AIM OF THE TASK
Your reply should reproduce the data below without a single alteration, apart from dropping the images.

GIVEN MATERIAL

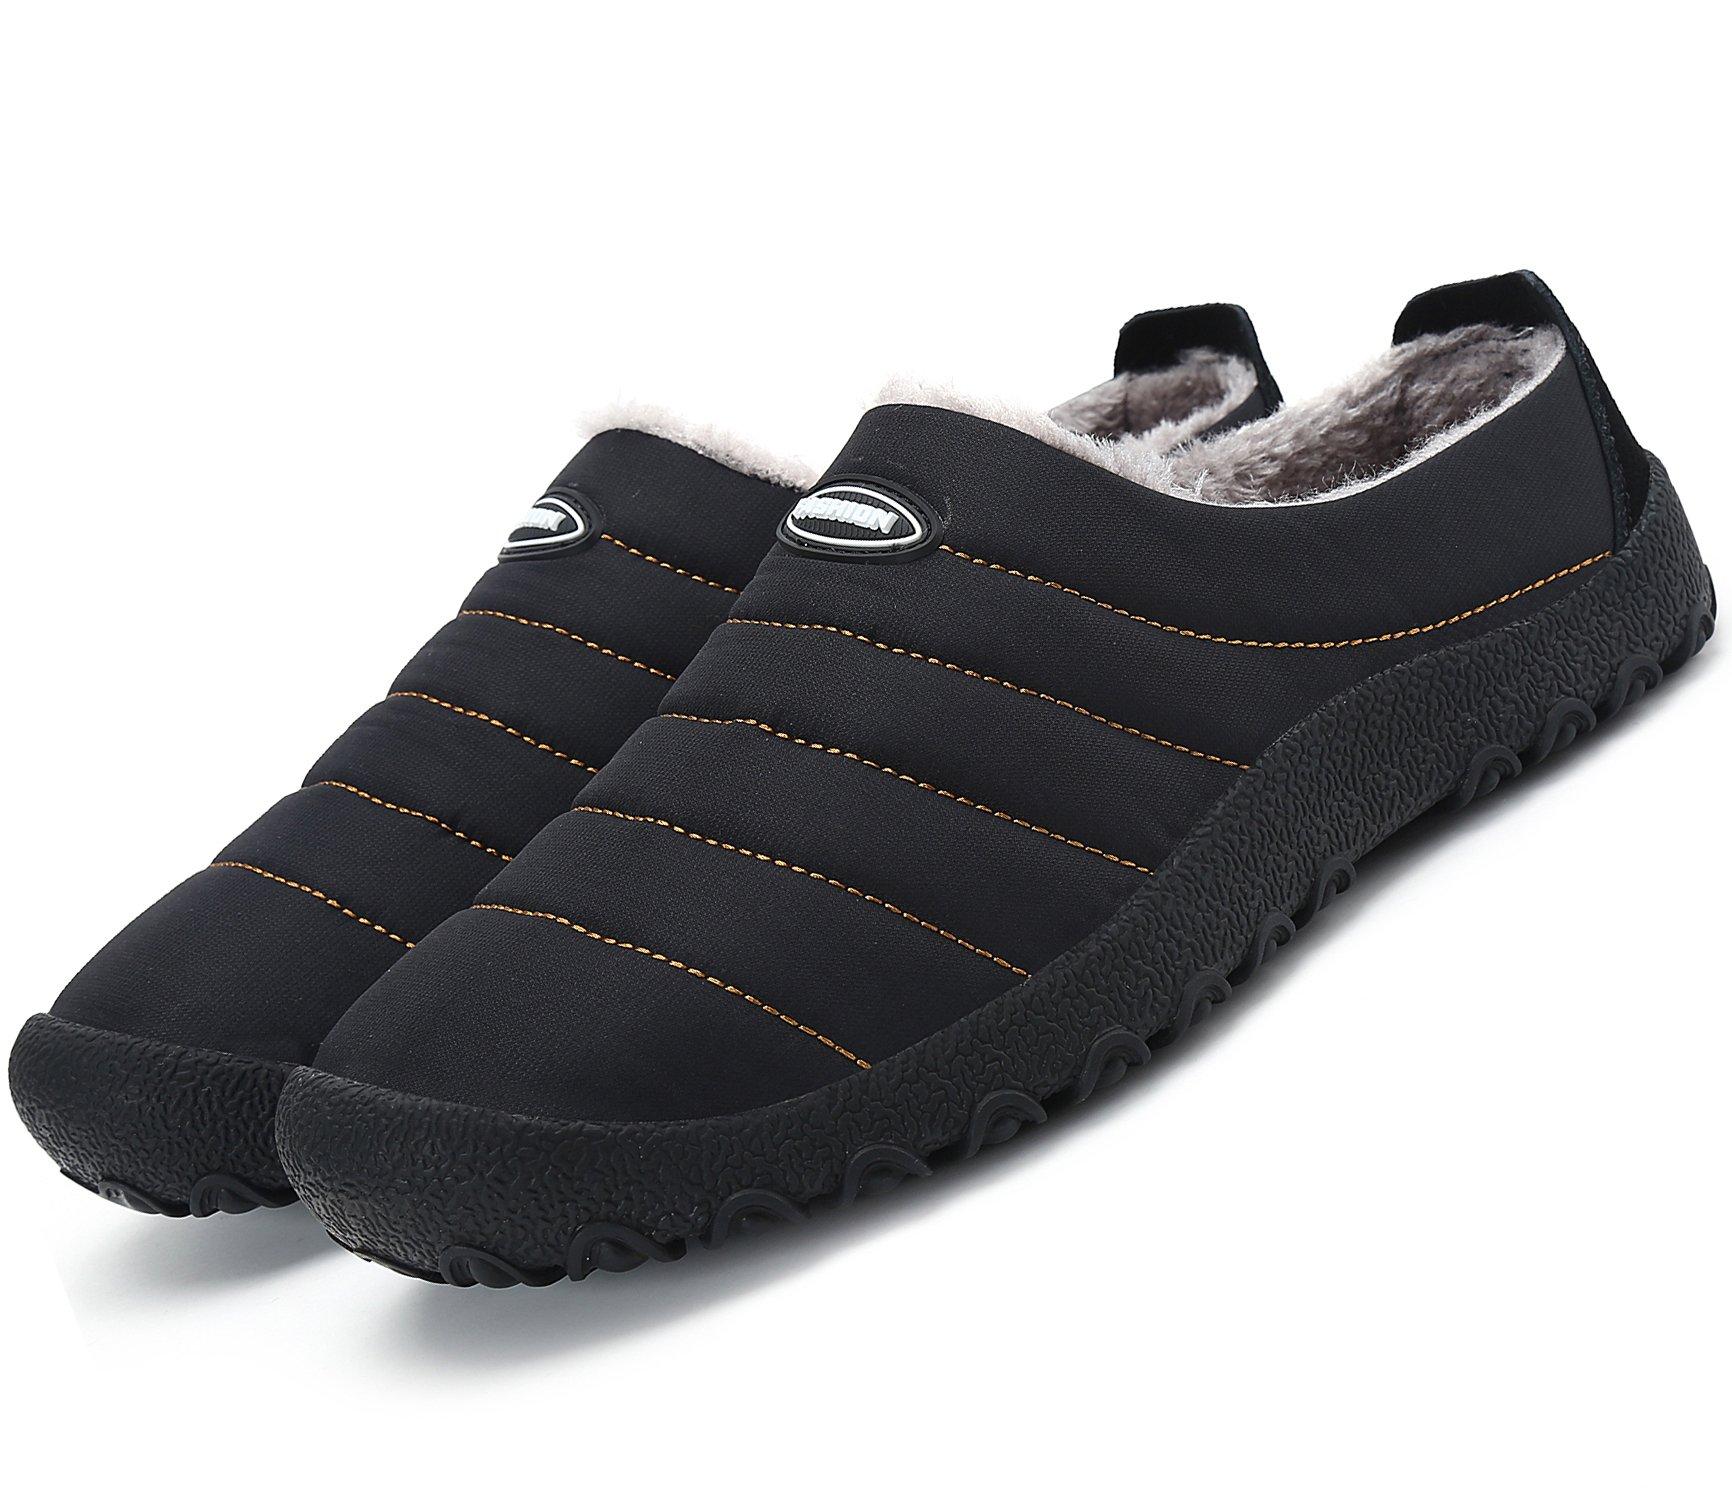 welltree Women Men Indoor Outdoor Slippers Fur Lined Winter Waterproof Clog House Shoes Black 5.5 US Men/7.5 US Women/38
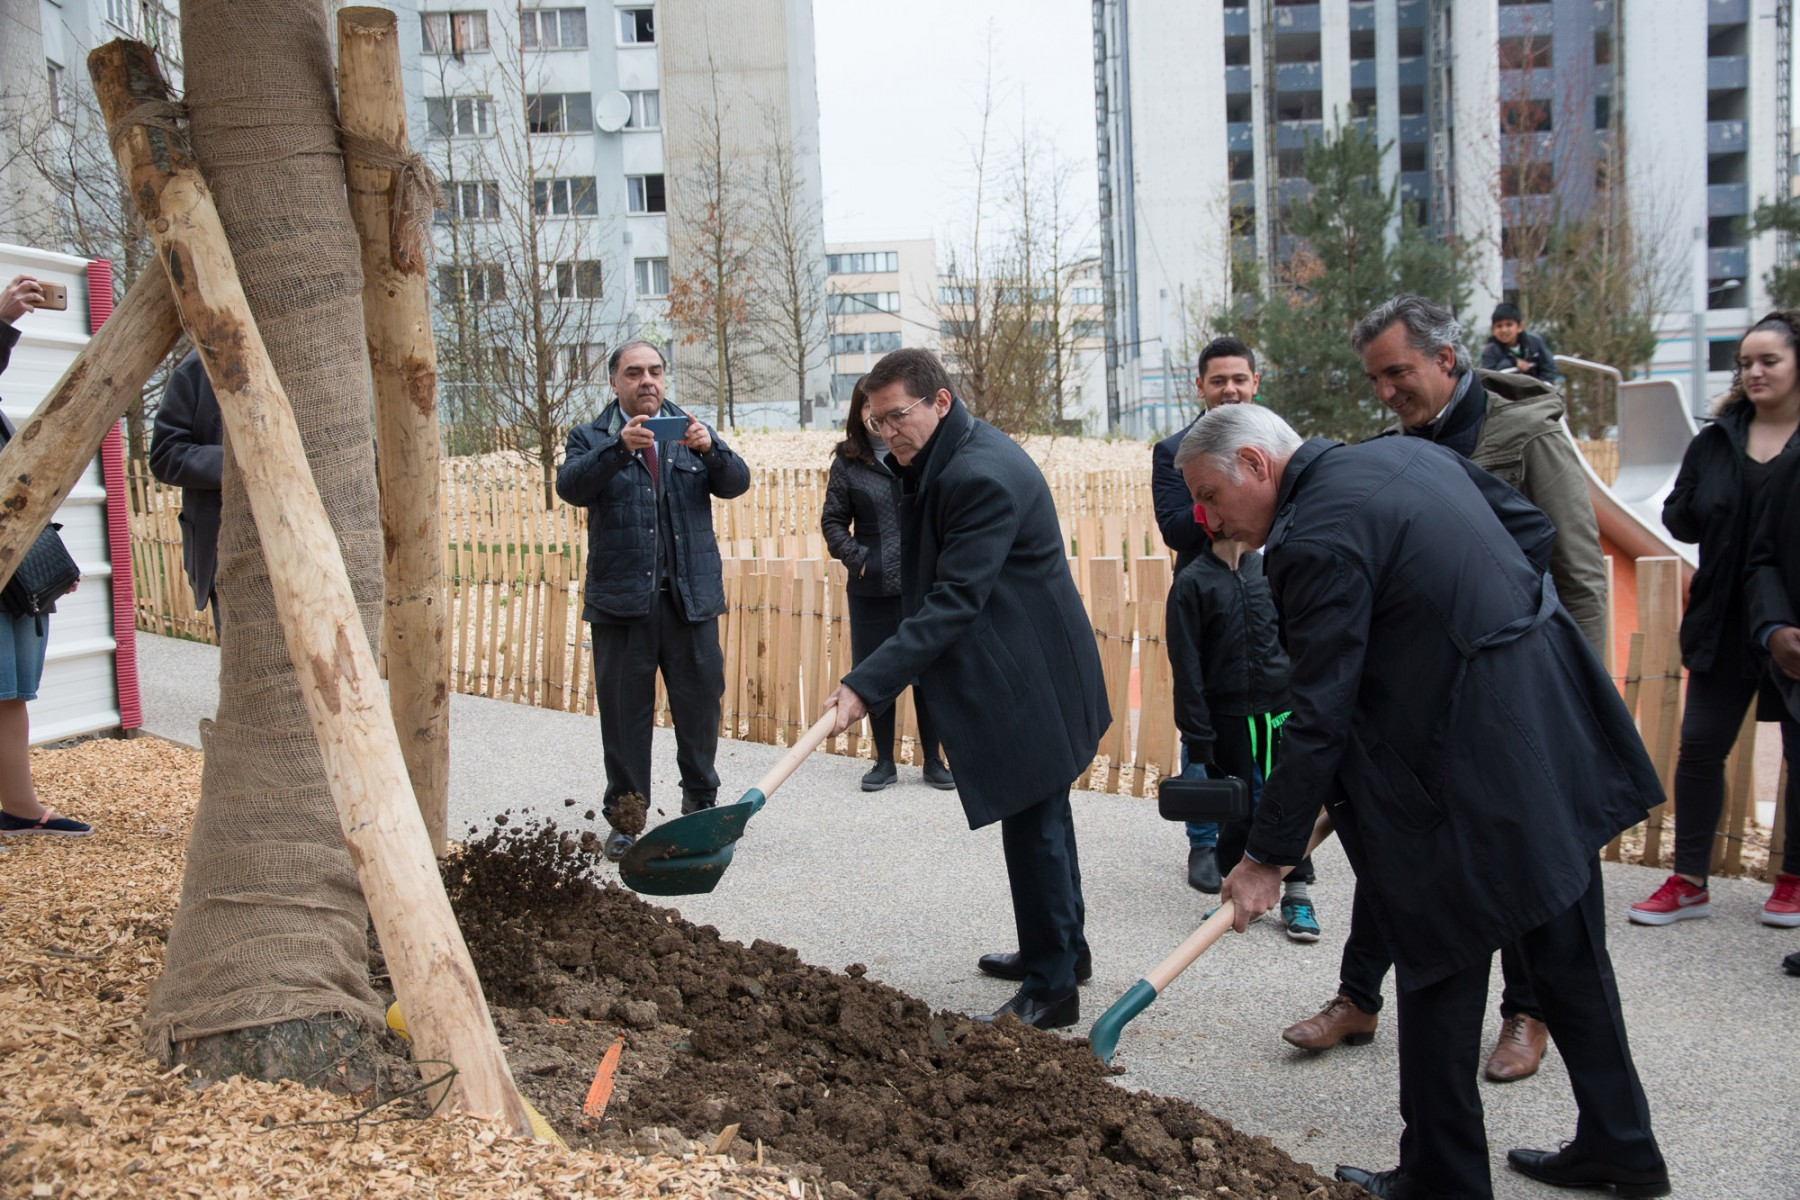 Inauguration du Jardin de Mevaseret Zion à Epinay-sur-Seine
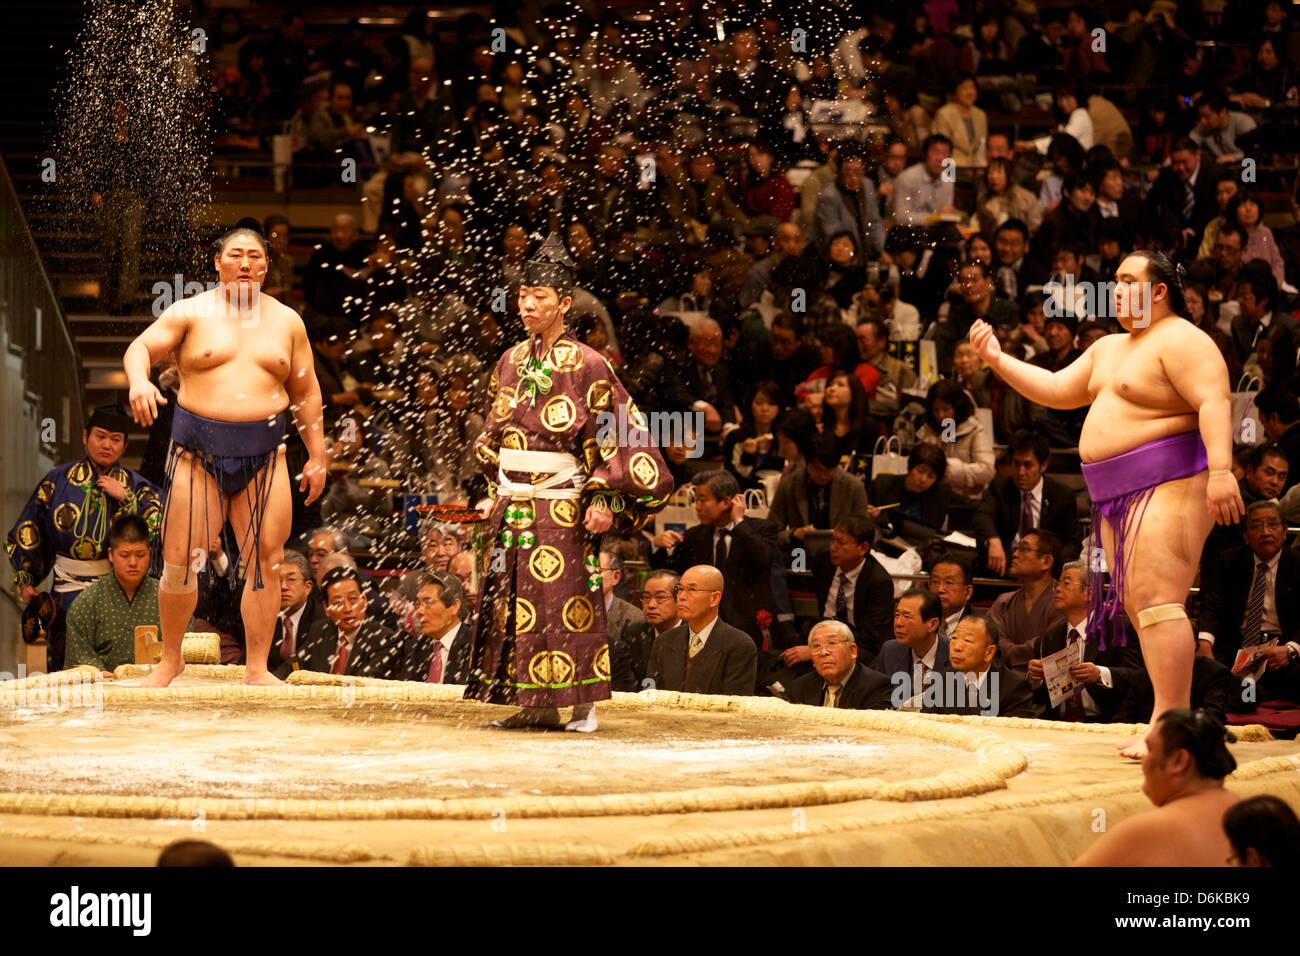 Alcuni lottatori di sumo gettando sale prima di una lotta al Kokugikan stadium, Tokyo, Giappone, Asia Immagini Stock

EXERCISE OUTPUT
 welltree Women Men Indoor Outdoor Slippers Fur Lined Winter Waterproof Clog House Shoes Black 5.5 US Men/7.5 US Women/38
 Inauguration du Jardin de Mevaseret Zion à Epinay-sur-Seine
 Alcuni lottatori di sumo gettando sale prima di una lotta al Kokugikan stadium, Tokyo, Giappone, Asia Immagini Stock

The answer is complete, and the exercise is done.